Published: December 2017
Dilated cardiomyopathy (DCM) is a primary cause of heart failure, life-threatening arrhythmias, and cardiac death. Pathogenic mutations have been identified at the loci of more than 50 genes in approximately 50% of DCM cases, while the etiologies of the remainder have yet to be determined. In this study, we applied whole exome sequencing in combination with segregation analysis to one pedigree with familial DCM, and identified a read-through mutation (c.2459 A > C; p.*820Sext*19) in the myosin light chain kinase 3 gene (MYLK3). We then conducted MYLK3 gene screening of 15 DCM patients (7 familial and 8 sporadic) who were negative for mutation screening of the previously-reported cardiomyopathy-causing genes, and identified another case with a MYLK3 frameshift mutation (c.1879_1885del; p.L627fs*41).
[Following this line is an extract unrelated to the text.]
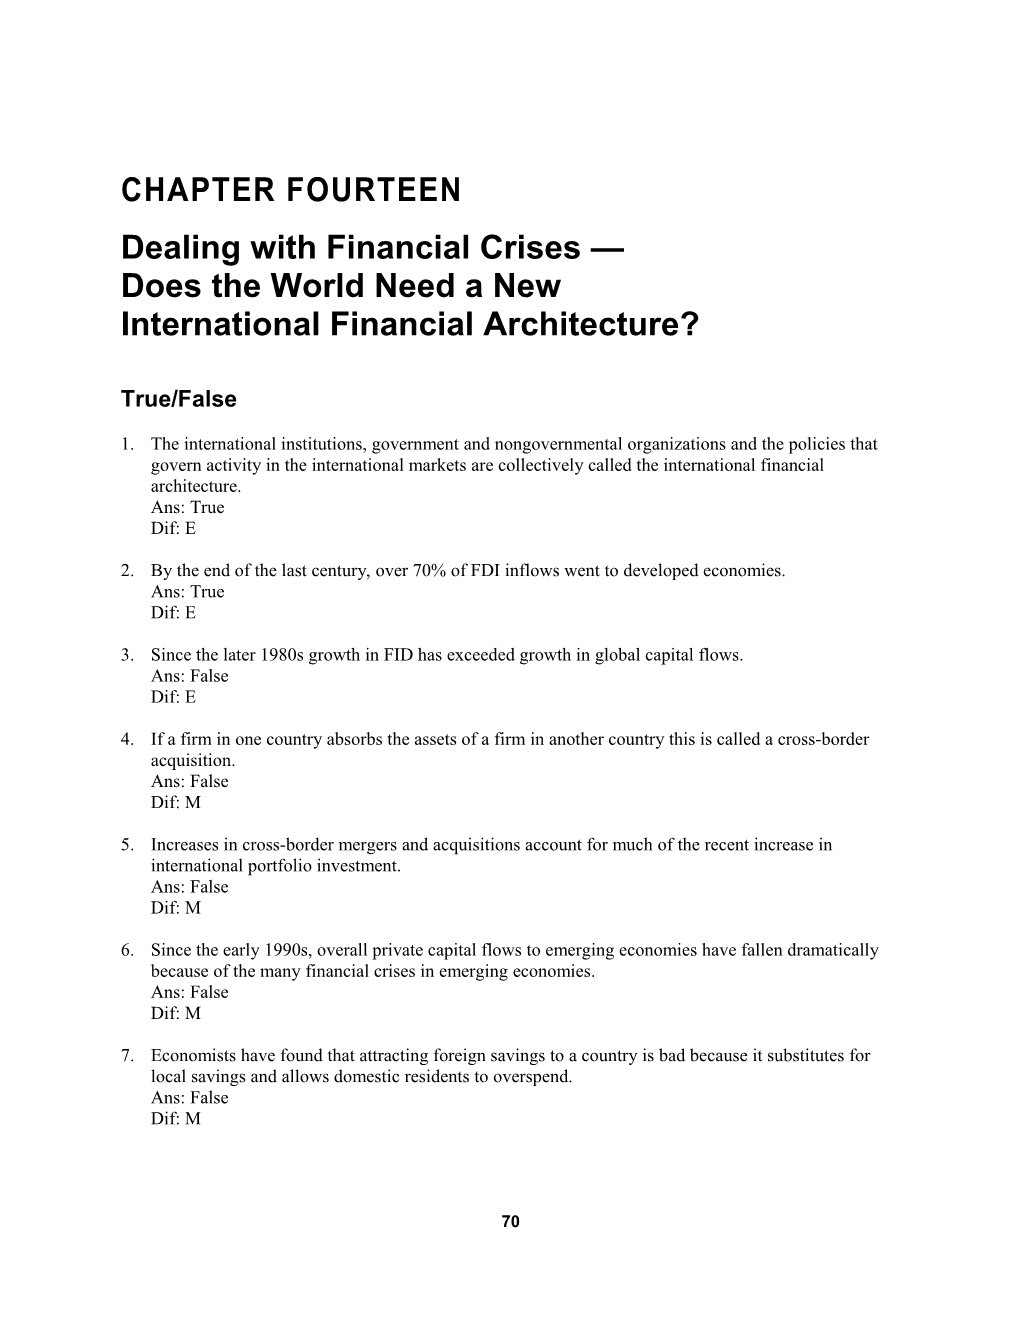 Dealing with Financial Crises Does the World Need a New Intl. Financial Architecture? 335
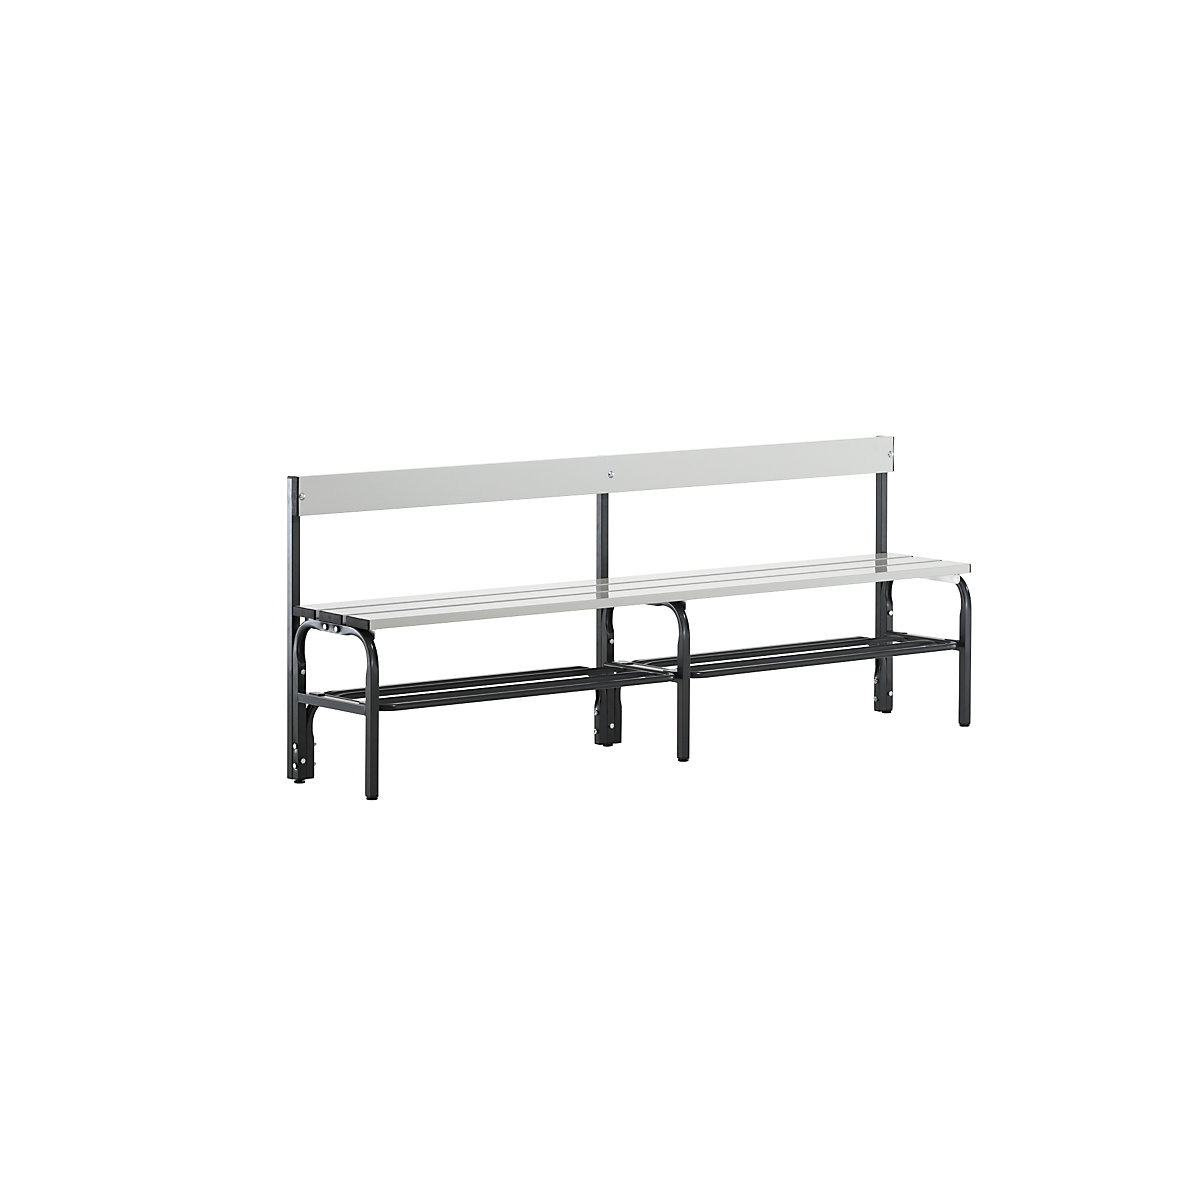 Sypro – Half height cloakroom bench with back rest, single-sided, aluminium, length 2000 mm, charcoal, shoe rack

In vitro experiments and immunohistochemistry suggested that the MYLK3 mutations identified in this study result in markedly reduced levels of protein expression and myosin light chain 2 phosphorylation. This is the first report that MYLK3 mutations can cause DCM in humans. The clinical phenotypes of DCM patients were consistent with MYLK3 loss-of-function mouse and zebrafish models in which cardiac enlargement and heart failure are observed. Our findings highlight an essential role for cardiac myosin light chain kinase in the human heart.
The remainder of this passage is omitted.